Why? Again, I think that, in my opinion, if you are constantly saying, I'm different, I'm different, I'm different, how are you going to be treated the same?
Right? Well, I think in both our cases, you know, this idea that by becoming American, and we both...
Very consciously sought to do that.
But we don't see this as a rejection in any way of our ancestry, of our background.
As you know, we were going together to India before COVID on a regular basis.
You, I think, to be honest, would probably move to Venezuela if the place were restored.
I mean, you loved it so much.
I love Venezuela.
I really do. And it breaks my heart that it's the way it is.
But yes, exactly.
So I don't reject it.
I don't reject it. I'm in America and I love American culture.
I love the way this country was founded.
All of those things. Why am I going to trash?
The very country that gave me the opportunity to be who I am today.
Now, together we have, we know some Venezuelans, friends of yours, over the years.
And now, the observation you made, which I think is true, these are lovely people.
They're fighting for freedom in Venezuela.
But they are truly Venezuelans in America.
Which is to say that they don't...
They don't belong to America.
And they don't see themselves as belonging to America.
They're in America, but not of America.
And that's not true of you.
You are of America. You're an American.
You're interested in Venezuela, your native country.
But I think there's a chasm between you and them.
To them, it's all about Venezuela.
And I think for you, it's as much we in America need to learn the lesson of Venezuela so we don't...
That is primarily why I started really talking about Venezuela and about what happened in Venezuela because I saw what happened there through the eyes of my family, through the eyes of my friends, and I knew that it should be a wake-up call for us.
But unfortunately, a lot of my Venezuelan friends really only see what's happening in Venezuela.
And they want help.
They want us to do something about it.
But I always tell them, listen, it's like being on an airplane, being the mother, right, of a child.
And the oxygen mask comes down.
And what do they say?
The mother needs to put the oxygen mask on herself first, right?
So... So we need to put the oxygen mask on America so that we can help Venezuela.
Because otherwise...
It's not going to happen? It's not going to happen.
So guys, we're going to do our audio question today.
And the question, as it turns out, is not for me.
Listen. Hi, I have a tough question for Debbie.
Based on my experience as an exchange pilot in Venezuela with their navy, I've certainly sympathized with them on the corruption and problems with their government and understand why Chavez was so appealing.
But what can the Venezuelan people do, even if they oust Maduro and the present socialism, To keep that from happening again.
Thank you Well, that is a really tough question because the answer is not probably what most people want to hear.

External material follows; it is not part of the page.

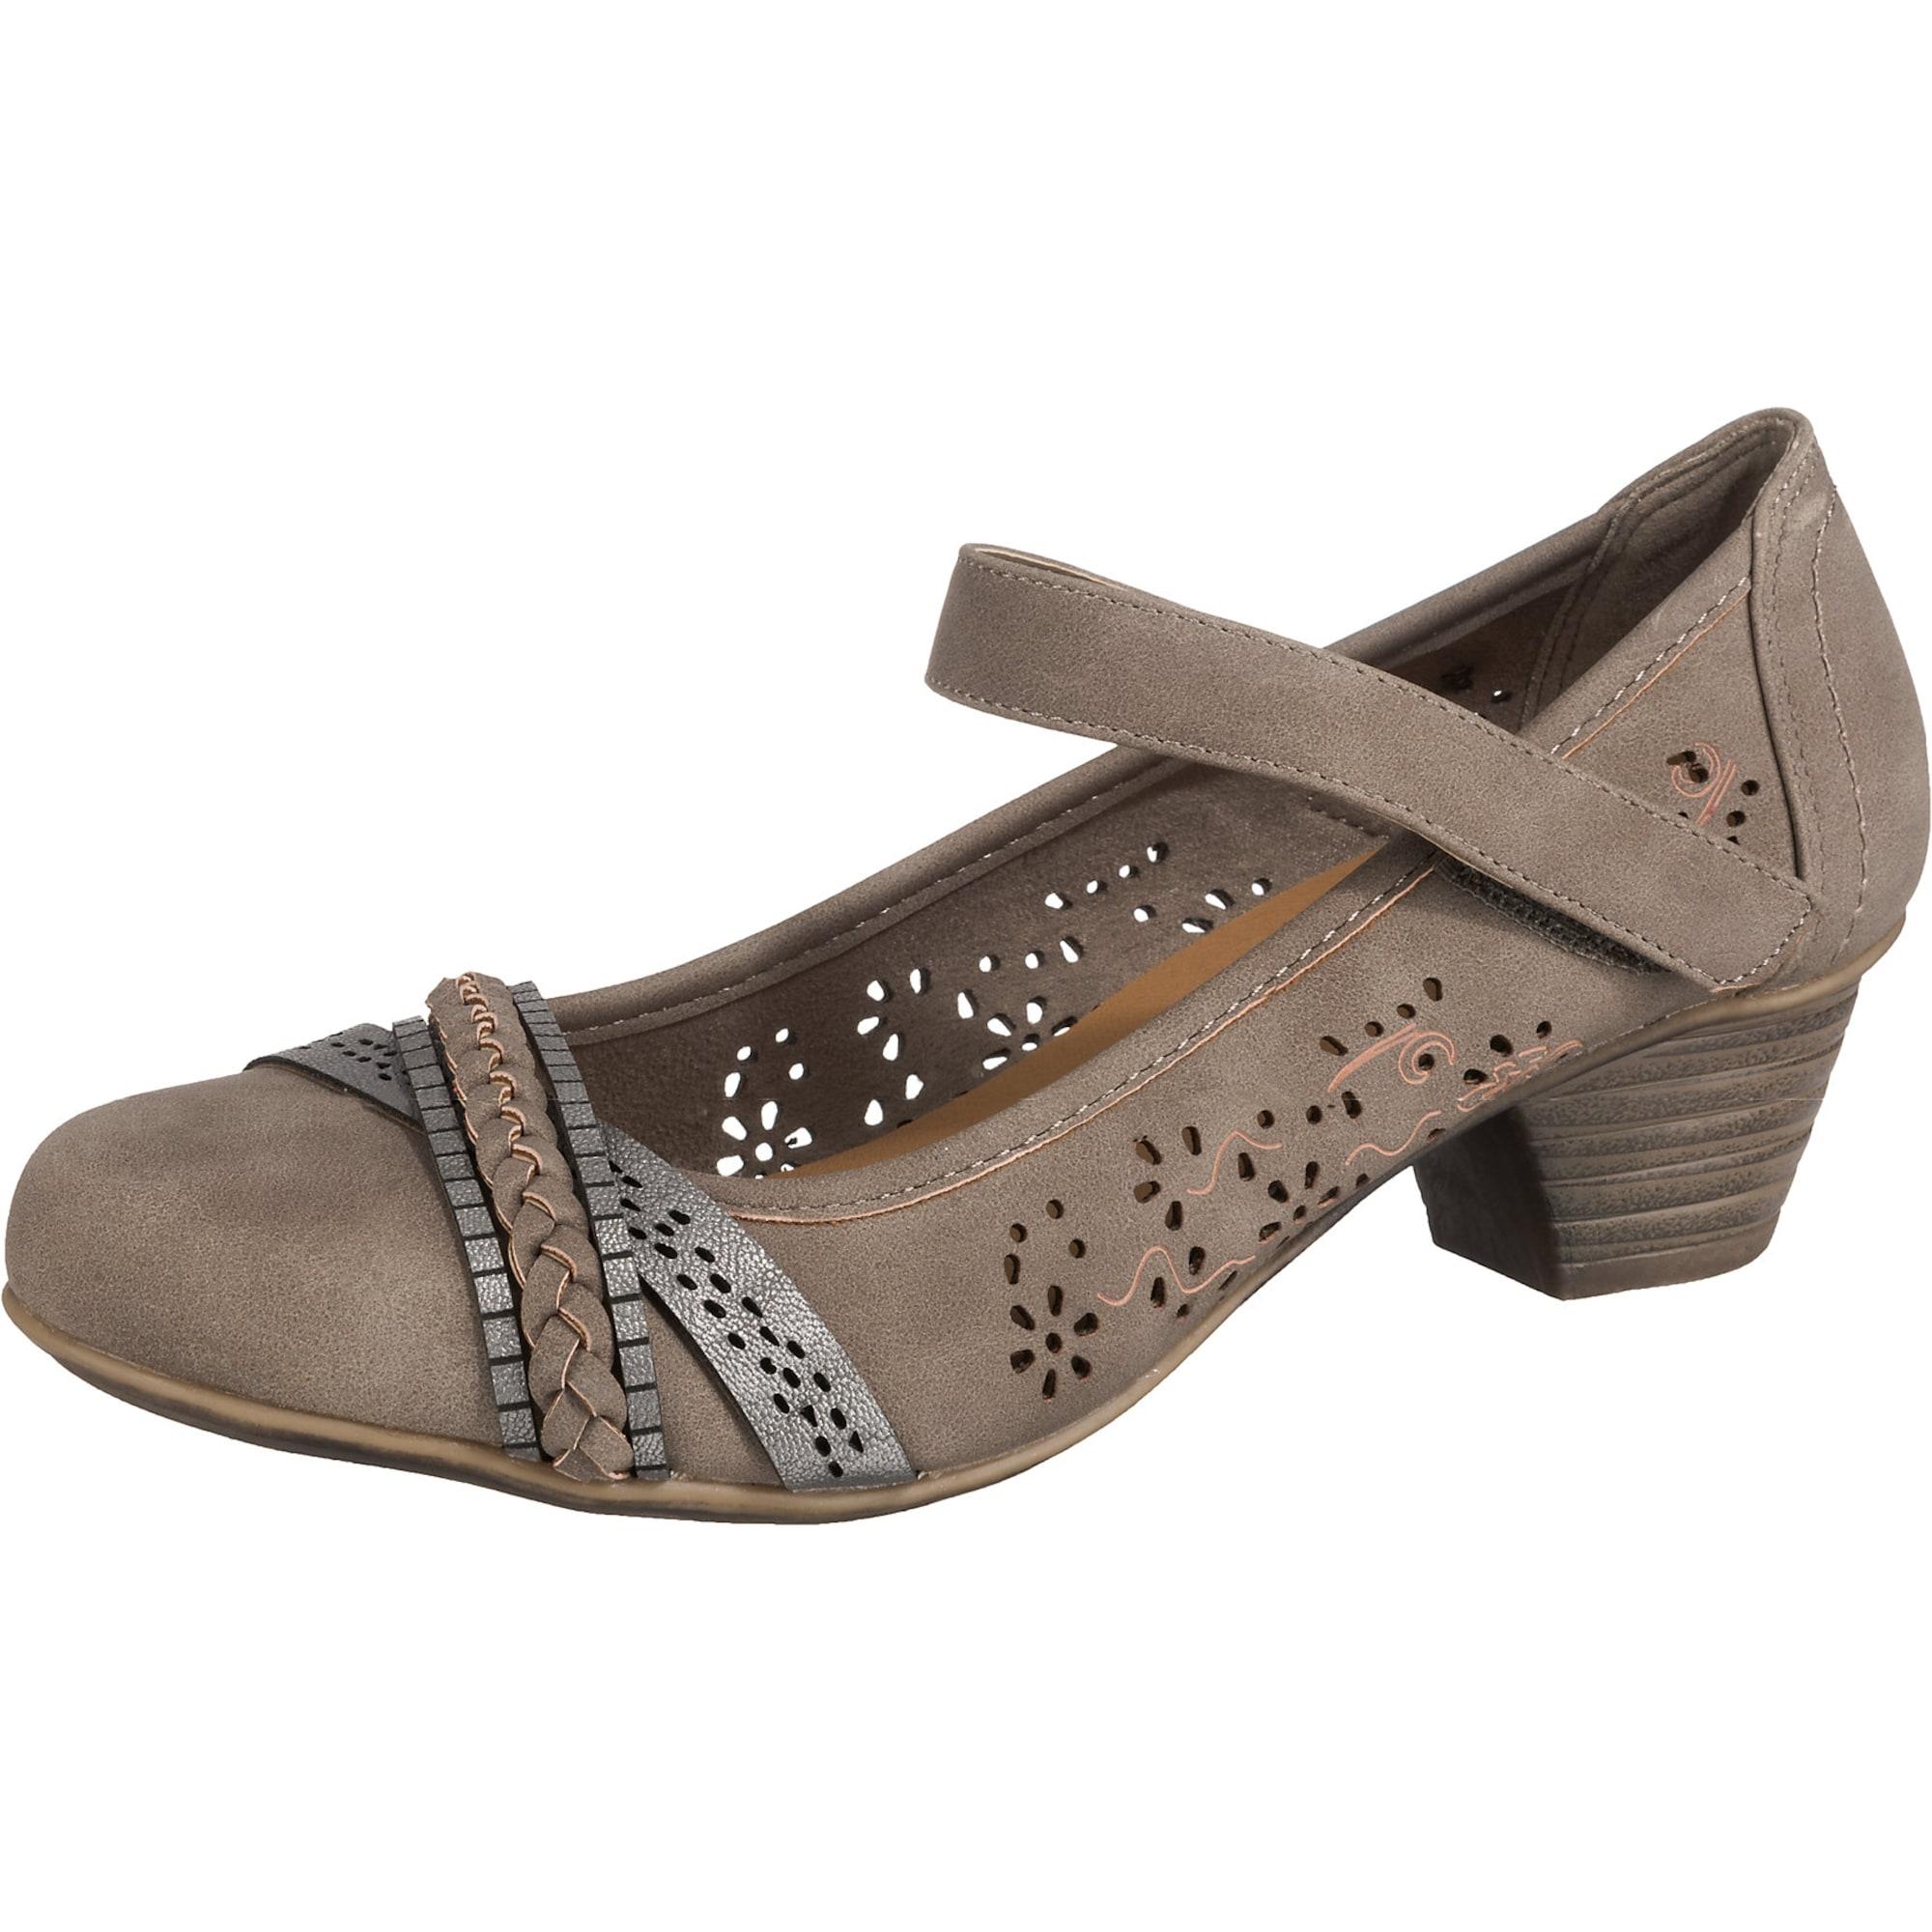 Spangenpumps | Schuhe > Pumps > Spangenpumps | Taupe | JANE KLAIN

But unfortunately, they have gotten to the point where it's very difficult to overthrow a government that controls everything.
It controls the media.
It controls elections.
It has the Supreme Court on its side.
So it has all of the laws on the side of the regime.
So unfortunately...
What happened in Venezuela, it happens to a country that loses control of all of those things, especially the elections in Venezuela in 2004.
That is when they started losing elections by fraud, and they were never able to recover from that.
They demonized people for talking about it.
In fact, they even incarcerated people for talking about it.
And in 2013, when the people had just about had enough, they jailed them for inciting an insurrection.
So it's a very sad scenario, and it can happen anywhere, any democratic country, any republic really, that loses control of those things.
People need to be more alert, more awake, and And make sure that you don't let it get to that point because I call it the point of no return.